James thought about it.

"She tells me what the herbs are for. What they do." He paused. "She says me body already kens how to breathe, it just needs to be reminded."

Anthony looked at the window.

The shutters cracked two fingers, as they always were now. The air in the room lighter than it had been in years. Cooler, cleaner, the particular quality of air that didn't cost anything to breathe.

Six years.

Six years of that chair and that sound and that window sealed tight, and it took her four days.

He kept his face still. Set the thought somewhere he could examine it later, when he was alone and there was no one watching his expression.

"Do ye like her?" James asked.

Anthony looked back at him.

James was watching him with the unsettling directness he'd had since he was old enough to form questions.
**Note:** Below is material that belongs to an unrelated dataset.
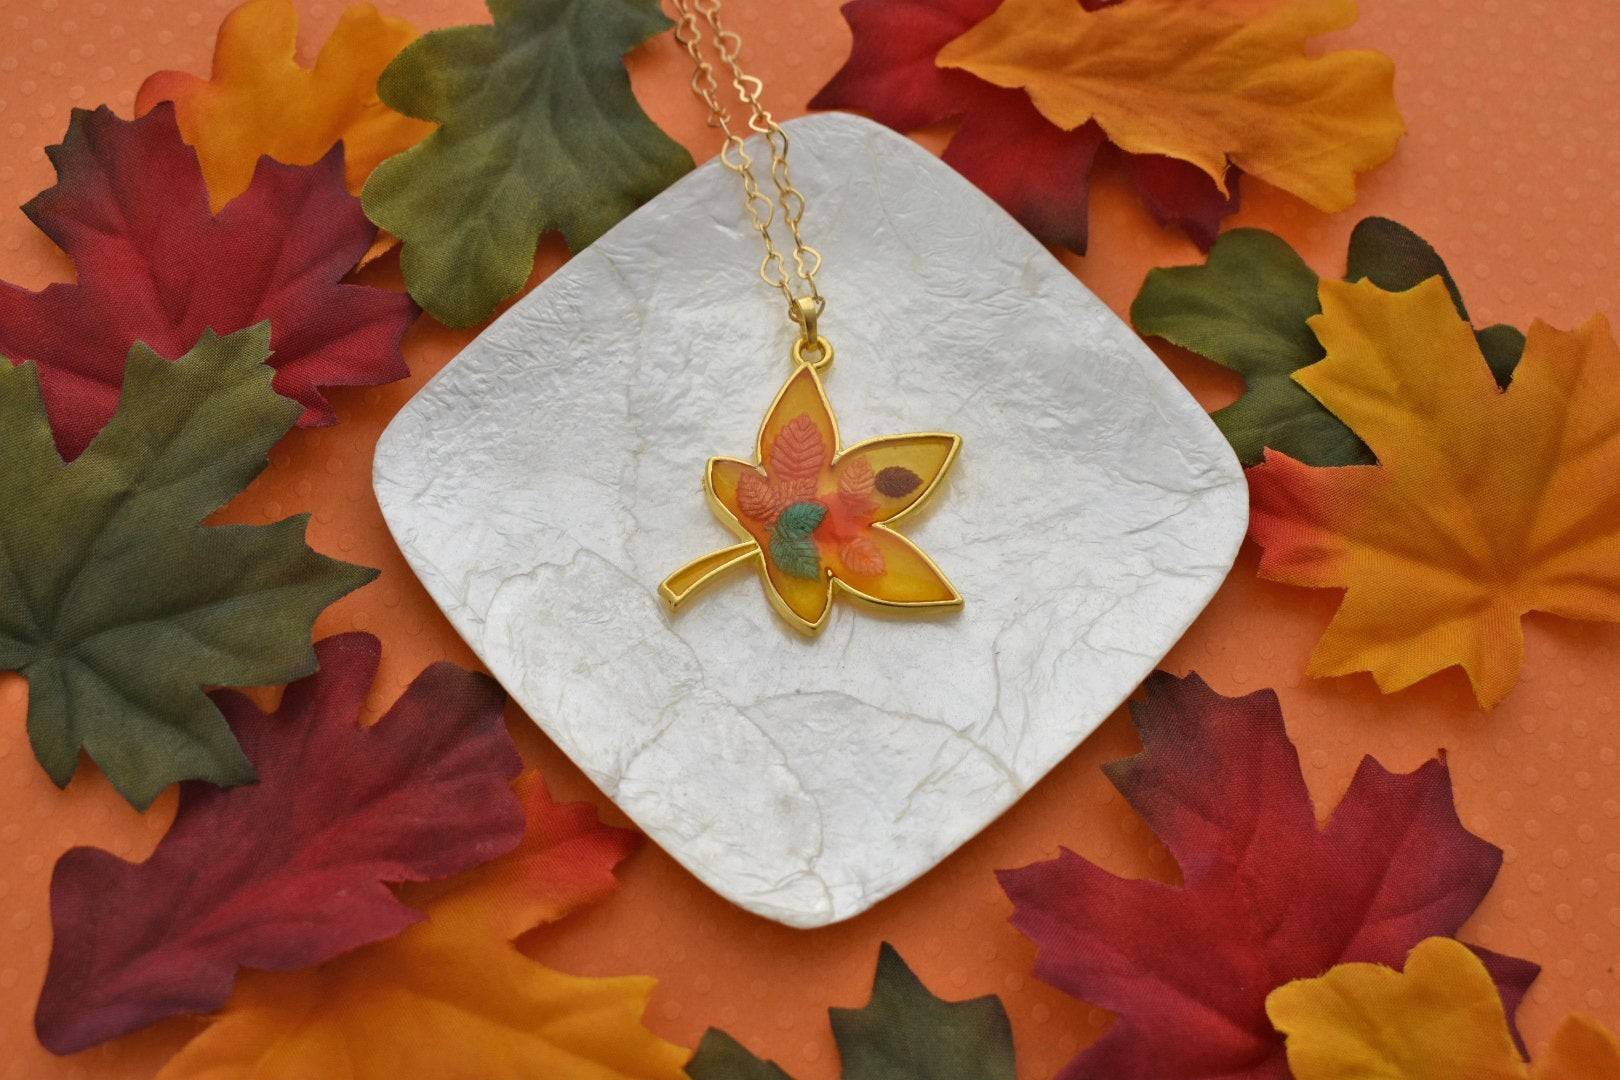 rad jewelry + home goods @UNRULEDclub » the autumn leaves necklace

There was no guile in it. There never was with James. Just the simple, devastating honesty of a child who hadn't yet learned that some questions were better left unasked.

He'll be a problem when he's older.

Anthony felt a brief warm flicker of something he didn't name.

"She heals ye well," Anthony said.

"That's nae what I asked."

"Aye. It is."

James considered this with the expression of a six-year-old who had decided not to argue the point out loud and was reserving the right to return to it.

Anthony recognized the expression. He'd been on the receiving end of it before. He'd also been the one making it, thirty years ago, at a man who was no longer here to see where it had ended up.

The boy has his grandfather's patience.

God help us all.

"Fox doesnae like Callum," James offered.